# Two of The Last F-4 Phanthoms Perform Low Pass Jet Flybys at EAA AirVenture 2016



## MilitaryAttractions (Mar 15, 2017)

Little vid I made that I wanted to share

Reactions: Like Like:
2 | Like List reactions


----------



## Airframes (Mar 15, 2017)

Nice - thanks for posting.


----------



## pbehn (Mar 15, 2017)

Brings back memories of seeing them all over Yorkshire, before they brought in the 250 ft (200?) rule for low flying. One went over a village fete so low and fast we heard it coming about 3 seconds before it passed over, I am sure some of the old dears needed a change of garments.


----------



## Airframes (Mar 15, 2017)

Yep, I remember the RAF Phantoms very well. Once, on the ramparts at Bamburgh castle, in the mid 1980's, a German Phantom suddenly appeared out of the sea fret (low-lying mist) at around 500 feet altitude, closely followed by a RAF Phantom, at around 250 feet, both climbing to clear the castle !


----------



## pbehn (Mar 15, 2017)

Airframes said:


> Yep, I remember the RAF Phantoms very well. Once, on the ramparts at Bamburgh castle, in the mid 1980's, a German Phantom suddenly appeared out of the sea fret (low-lying mist) at around 500 feet altitude, closely followed by a RAF Phantom, at around 250 feet, both climbing to clear the castle !
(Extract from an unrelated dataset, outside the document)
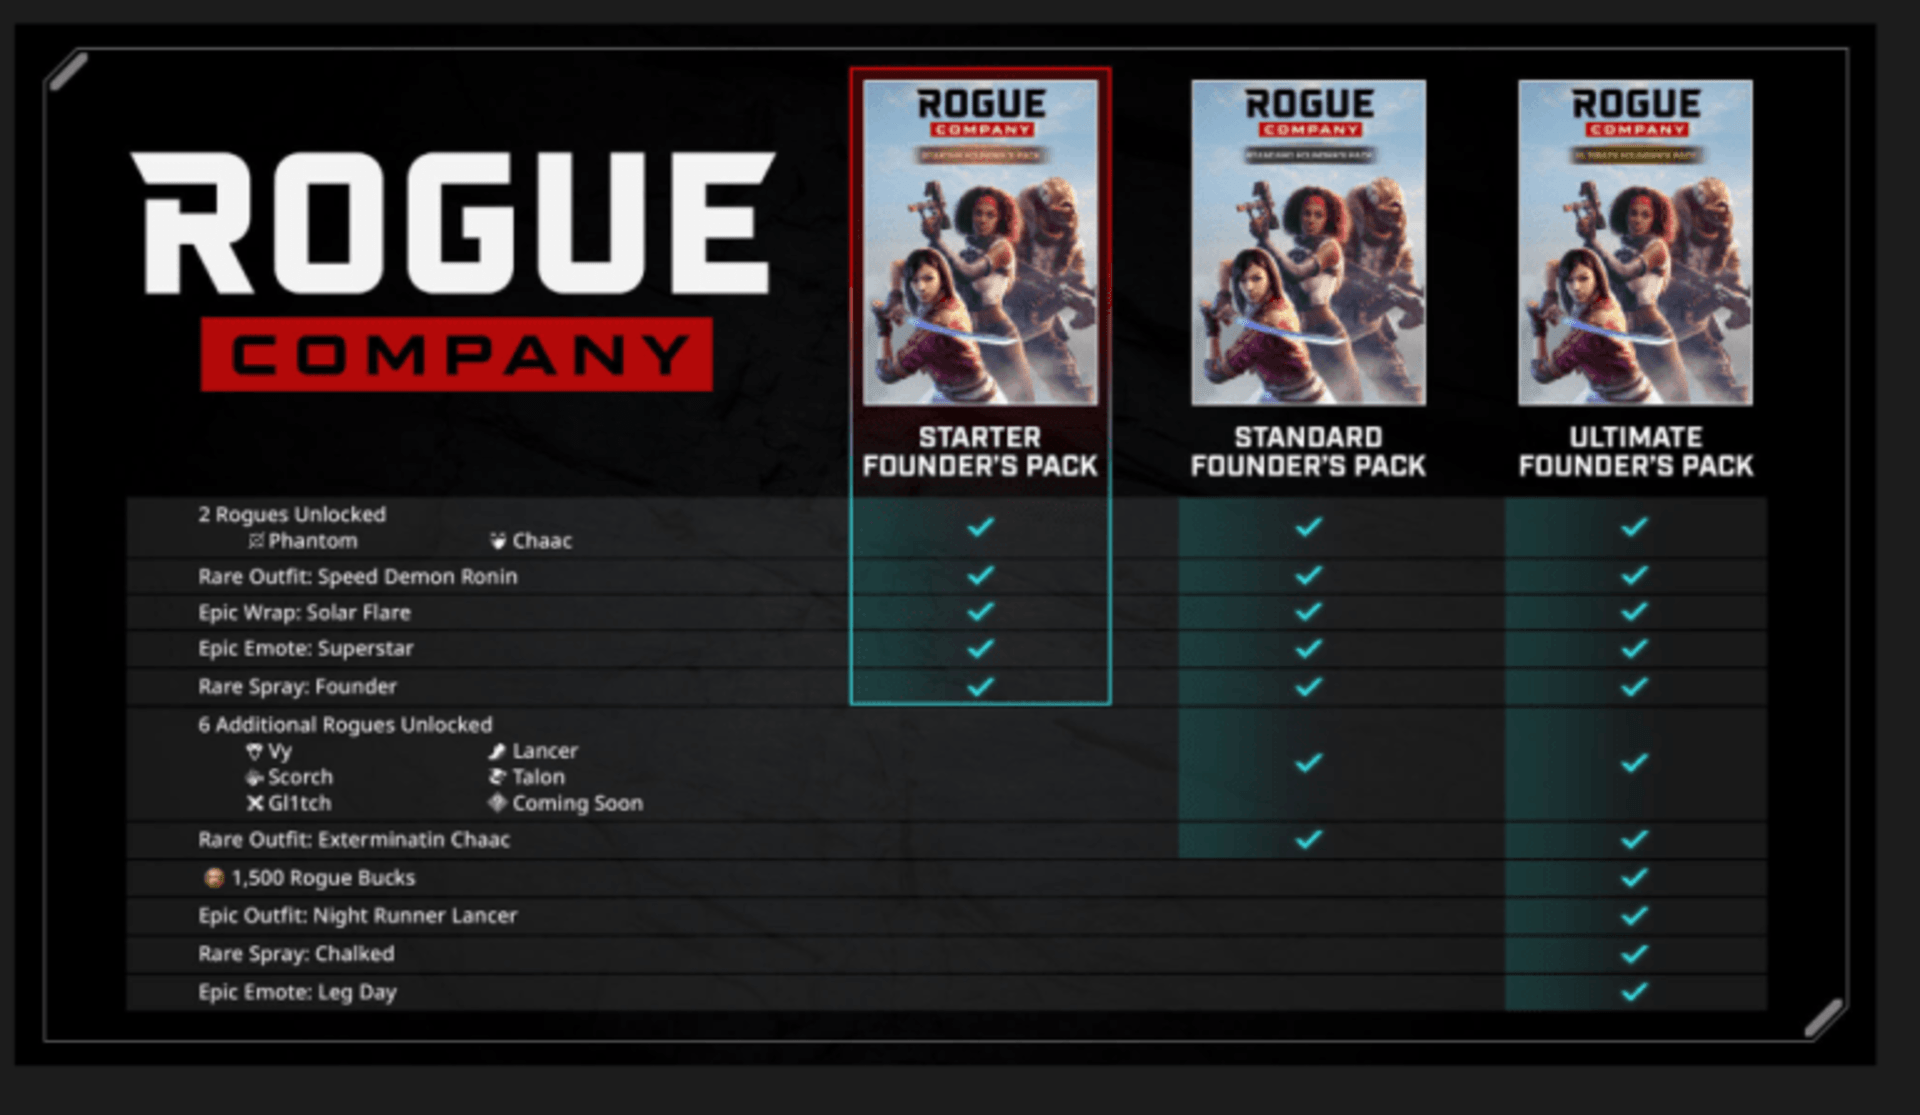 Rogue Company Standard Founders Pack (XBOX ONE) cheap - Price of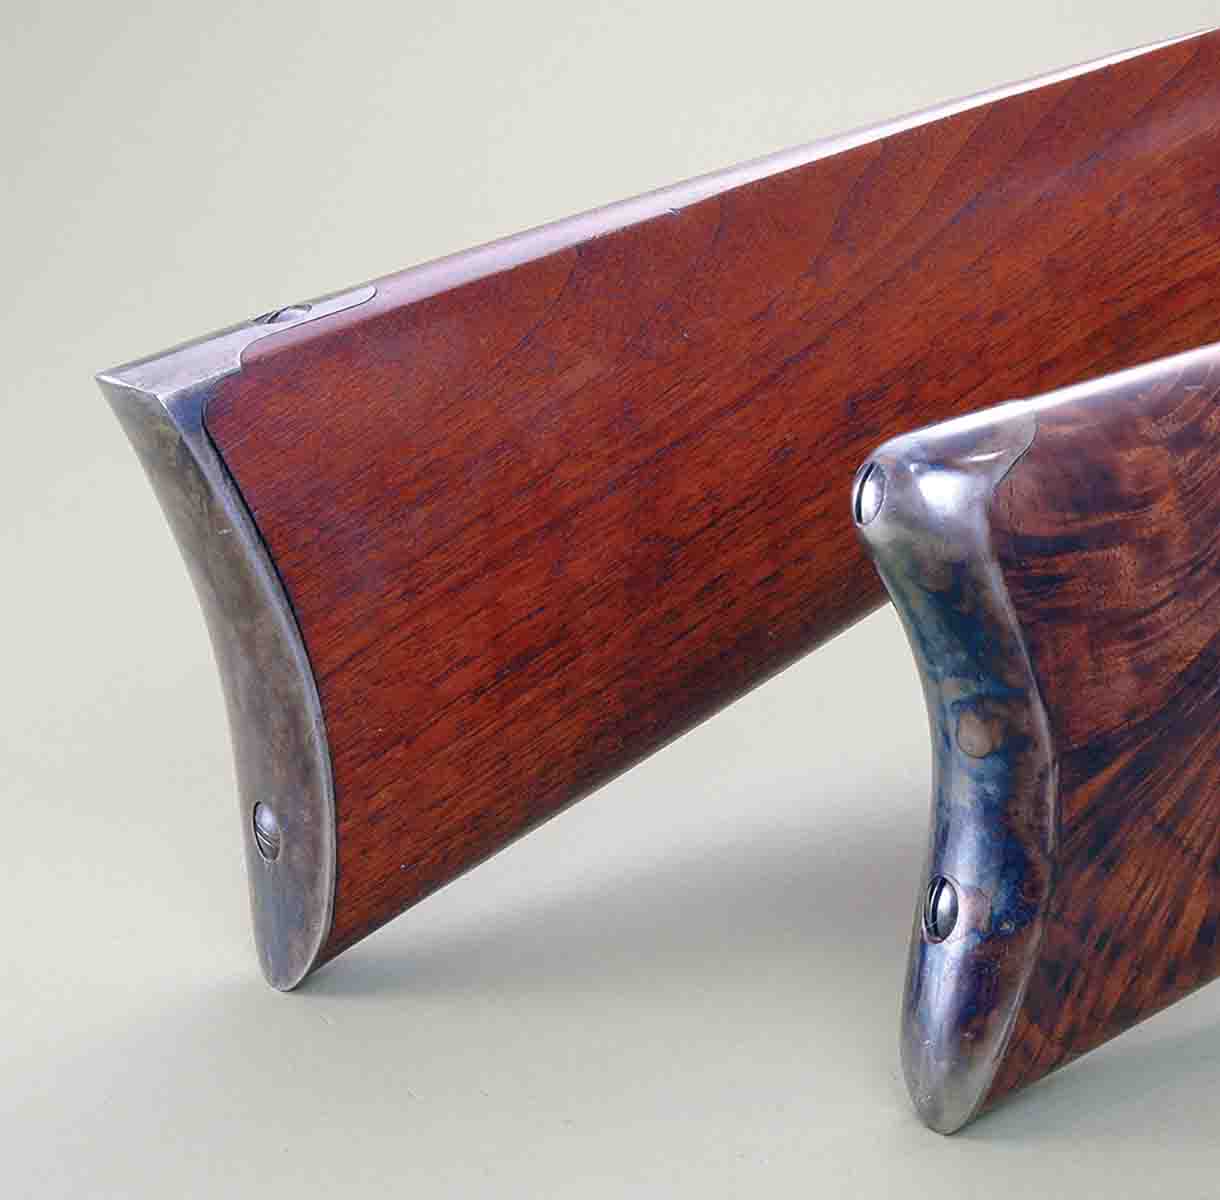 These buttplates are on modern reproductions of late nineteenth-century designs. Mike considers the Remington style (front) as the worst ever designed. The rear one is a reproduction of a Sharps Model 1874 buttplate.

When was the rule brought in? At times on the North Yorkshire moors, which is almost completely flat, they seemed between 20 and 50ft. Scared me to death when they swooped up out of a valley.

Up in Bamburgh sea fret is called "haar".


----------



## Airframes (Mar 15, 2017)

Not sure when the 250 feet rule was introduced (I think mid 1990s), but in the North Sea ranges area, I often saw various military aircraft well below 250 feet over the sea. 
From the 1950's up to the early 1990s, I used to spend quite a lot of free time at Warkworth, where my folks had a place. Many memories of sitting on the sand dunes, watching Hunters blasting away at a drogue towed by a Meteor, in the '50s, through to Buccaneers heading back to Lossiemouth, and Phantoms and Jags, along with stuff from other NATO forces, flying back and forth.

The 'haar' is more of a cold fog, whereas a 'fret' is more of a summer mist, but yes, 'haar' is often used in the Northumbrian dialect, along with many other words that our former Colonial cousins would puzzle over !
Pull up a cracket hinny, and I'll tell yasall an aarful story .........


----------